WHAT YOU SHOULD DO: Give back the whole listing word for word and skip each picture.

DATA EXCERPT:

▬▬▬▬▬▬▬▬▬▬

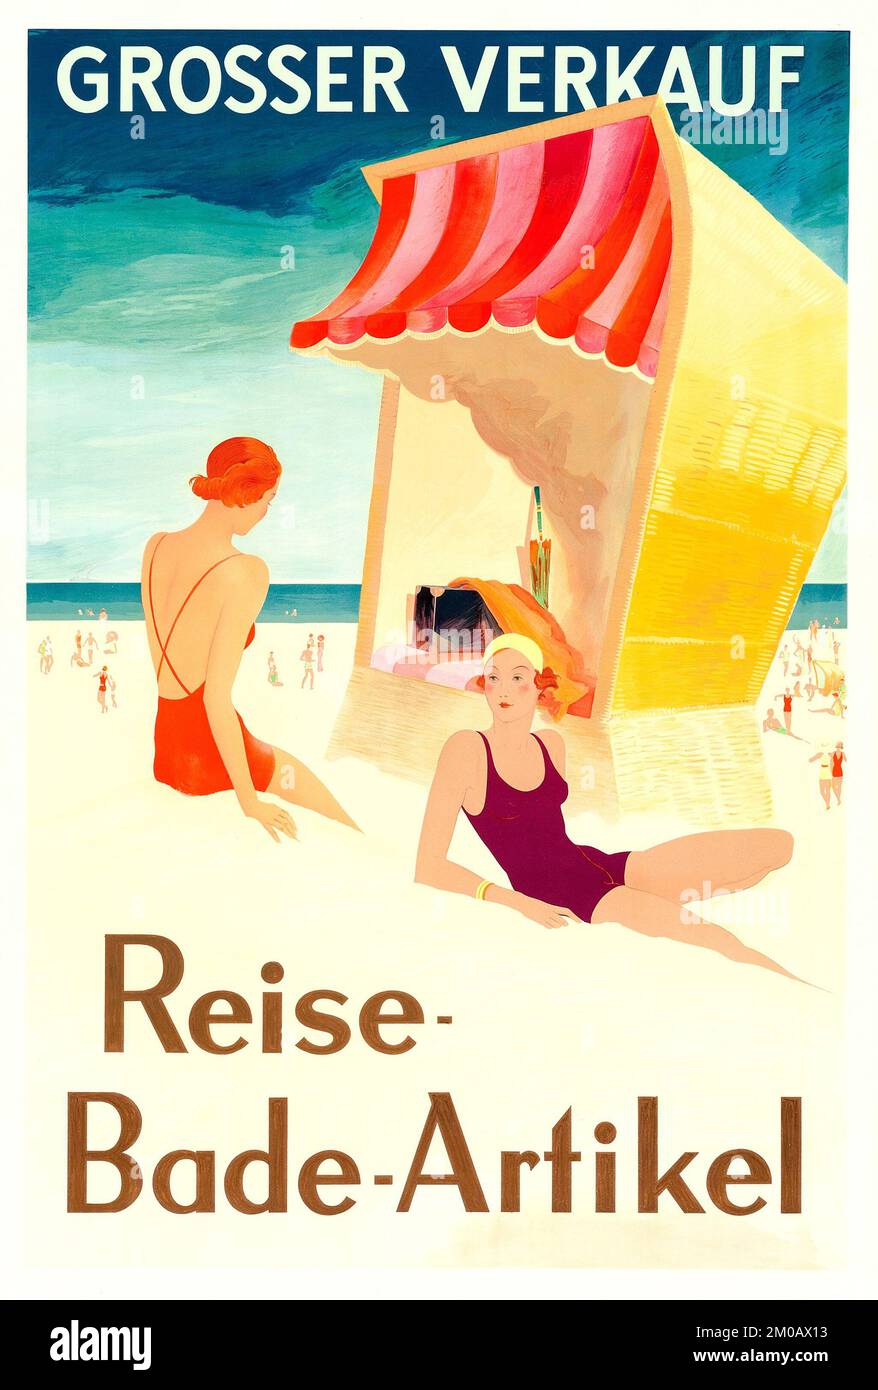 Publicité pour maillot de bain (1930s). Publicité allemande - Grosser Verkauf - Reise Bade-Artikel Banque D'Images
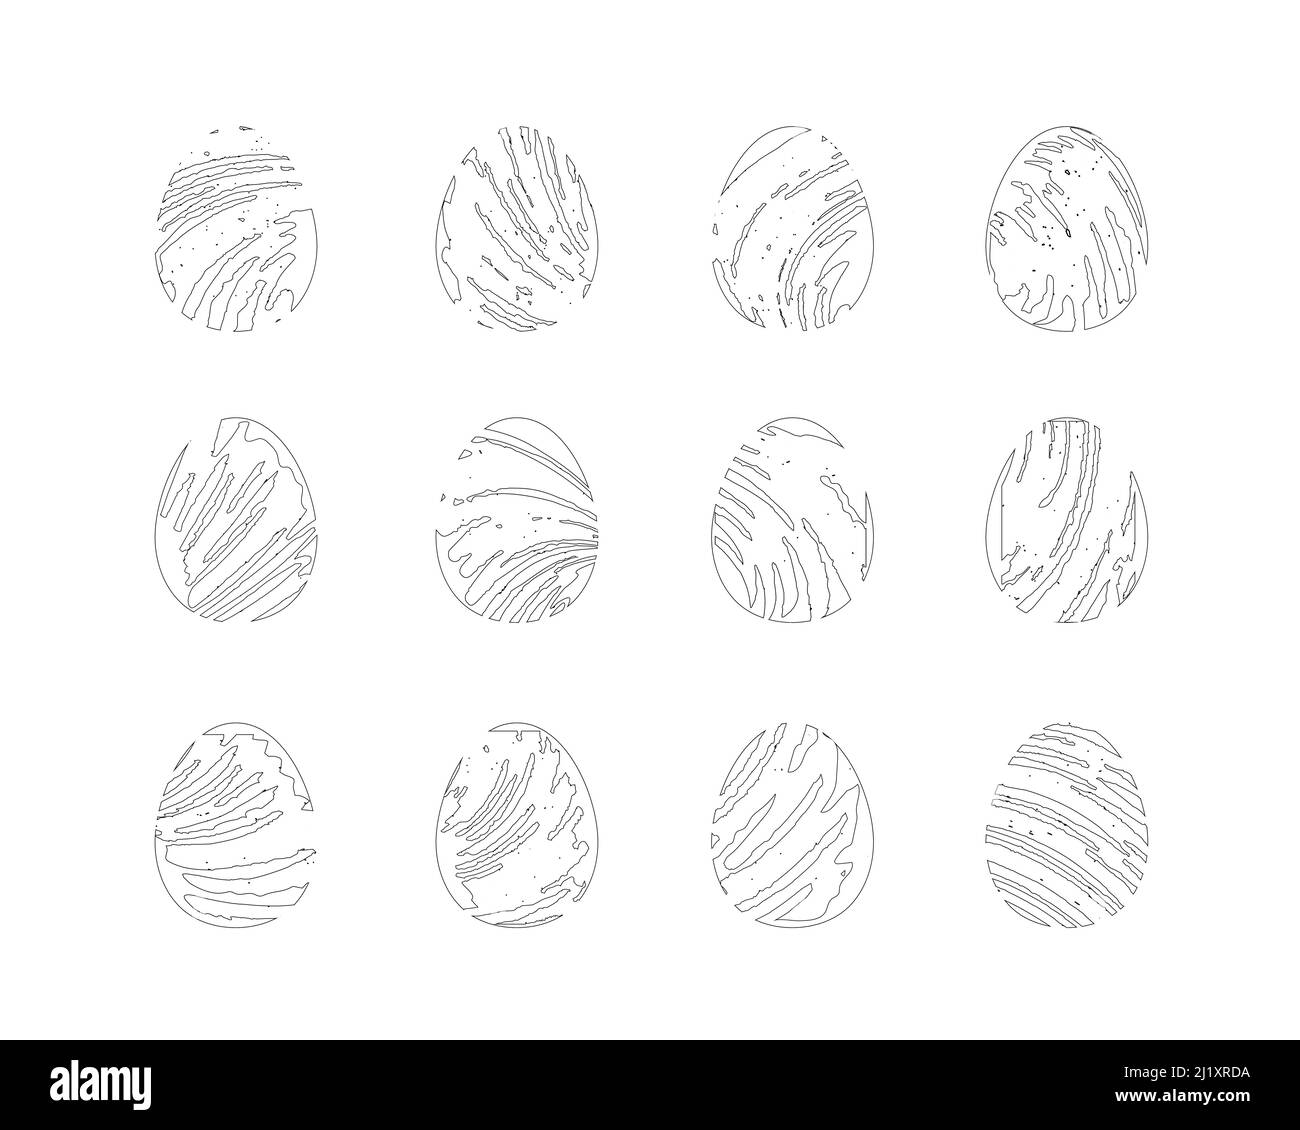 Oeufs de Pâques en traits d'esquisse. Symboles artistiques dessinés à la main. Ensemble d'images vectorielles noir et blanc Illustration de Vecteur
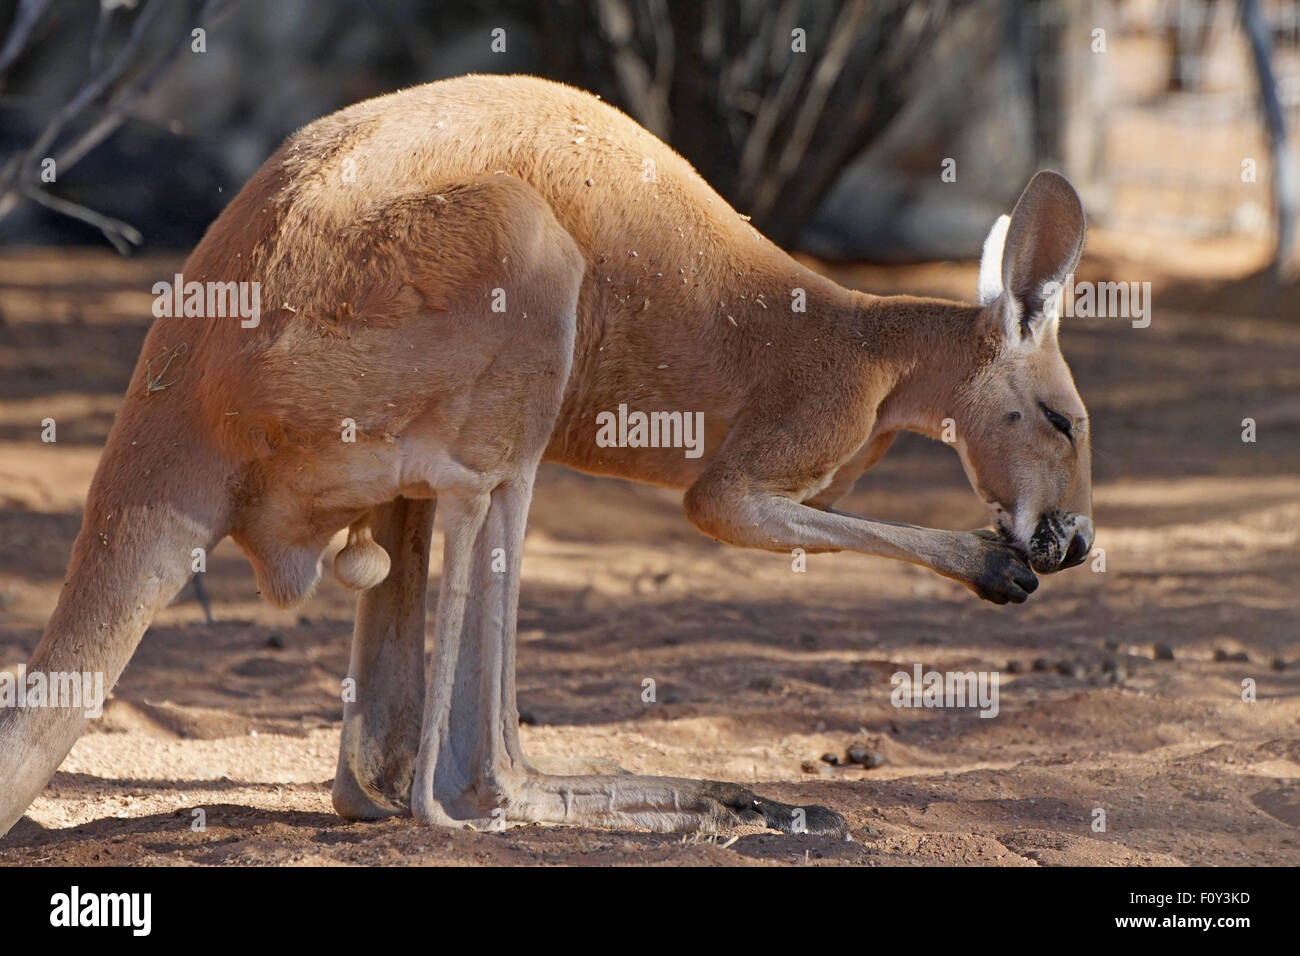 Kangourou rouge, Territoire du Nord, de l'Australie Outback Banque D'Images

▬▬▬▬▬▬▬▬▬▬

TASK ANSWER:
 Publicité pour maillot de bain (1930s). Publicité allemande - Grosser Verkauf - Reise Bade-Artikel Banque D'Images
 Oeufs de Pâques en traits d'esquisse. Symboles artistiques dessinés à la main. Ensemble d'images vectorielles noir et blanc Illustration de Vecteur
 Kangourou rouge, Territoire du Nord, de l'Australie Outback Banque D'Images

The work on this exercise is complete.